To export from one file to another (or to create libraries which can be interpreted by the linker or dynamic loader), use extern storage, which is the default for many things.
Deciding what is visible from one .cpp file to the next is rather complicated, but as a rule you cannot share compile-time values such as the version number; you can only share access to runtime objects such as the ints which store the version number.
To use major and minor from another .cpp file, you could declare in version.h:
extern const int major;
extern const int minor;
And then #include "thelibr/version.h" from the other file.
I've coded an script that generates a header file with constants like version, svn tag, build number. Then, I have a class that creates a string with this information.
My problem is the following: As the file is created in every compilation, the compiler detects that the header has changed, and forces the recompilation of a large number of files. I guess that the problem is in the situation of the header file. My project is a library and header has to be in the "interface to the world" header file (it must to be public).
I need some advice to minimize this compilation time or to reduce the files forced to recompile.
In the header write something like:
extern const char *VERSION;
extern const char *TAG;
extern const char *BUILD_DATE;
and create a .c (or .cpp) file that will contain
const char *VERSION = "0.13";
const char *TAG = "v_0_13";
const char *BUILD_DATE = "2011-02-02 11:19 UTC+0100";
If your script updates the .c file, only that file will have to be recompiled, but the files that include your header won't.
Generate the constants in the implementation file.
Make sure the header doesn't get changed by your script.
The easiest way to solve this is to not make those constants in a header file.

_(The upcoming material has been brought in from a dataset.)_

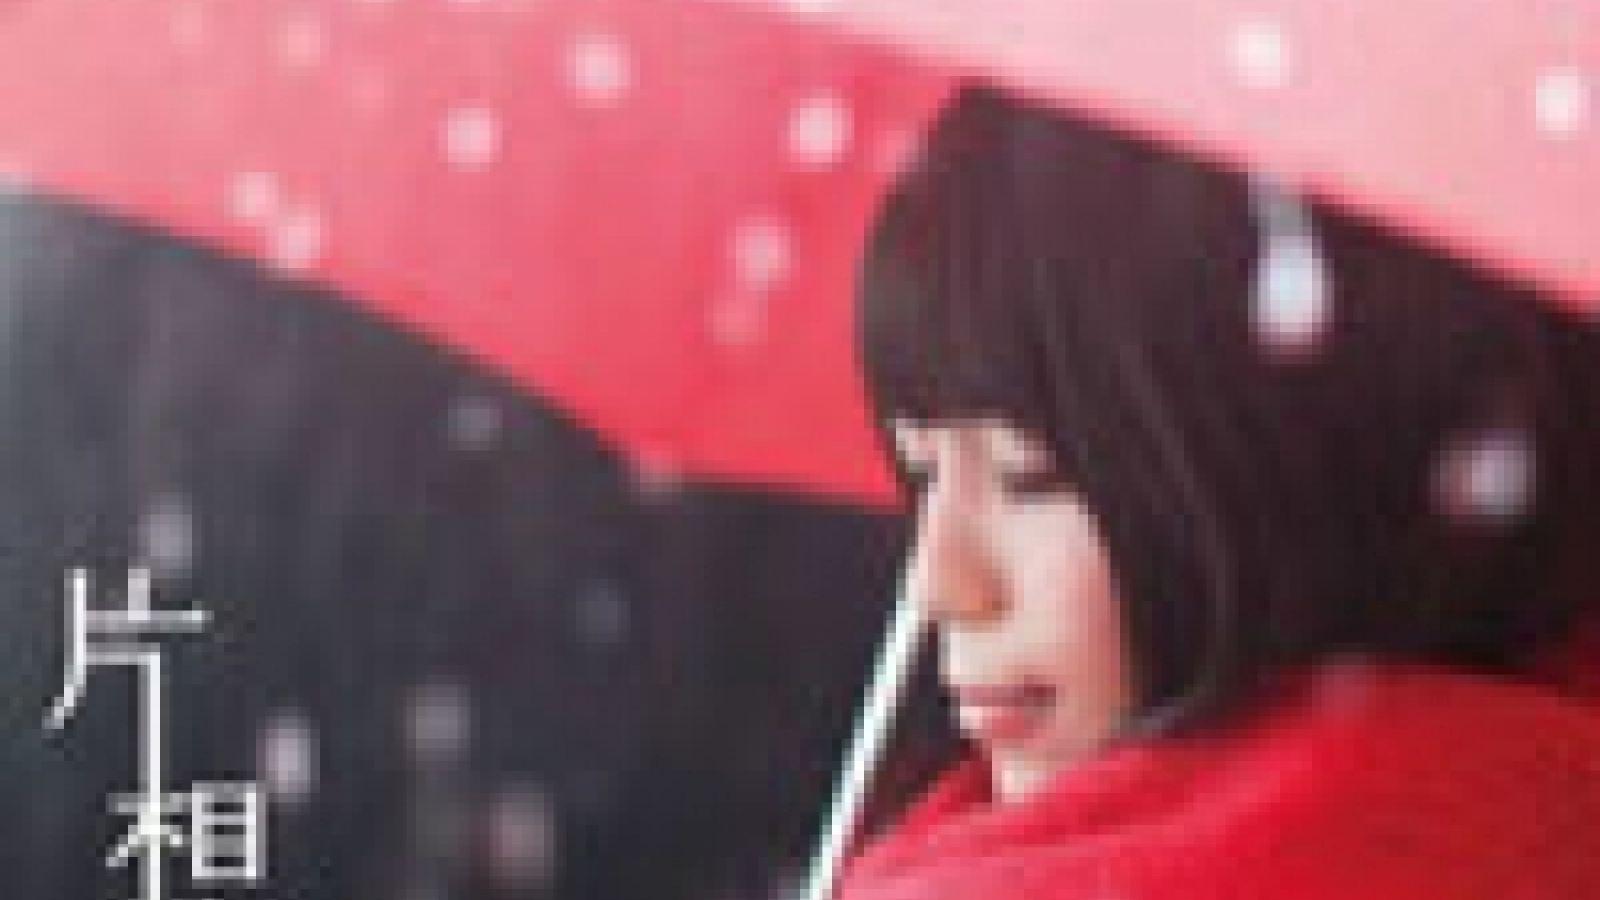 Kataomoi, novo single de miwa © PONY CANYON INC.

Instead, make functions in the header file which get these values. Then place the values themselves in a small cpp file which implements those functions. (Or place them in a header ONLY included in that cpp file). When you recompile, only that one file will need to be recompiled.
Also, you could look in to distcc to speed up compilation if you have a few machines to spare.
If you're using gcc, you can try using ccache. it caches object files based on a hash of the preprocessed output, so will not recompile unless an actual change occured
Another way is to declare the constant values like extern const double PI; in your a header like "my_constants.h" and add one cpp file to the project with contents like:
#include "my_constants.h"
const double PI = 3.1415926535;
Then the actual values will only be compiled once, and changing a value only requires compiling that single file and linking the project again.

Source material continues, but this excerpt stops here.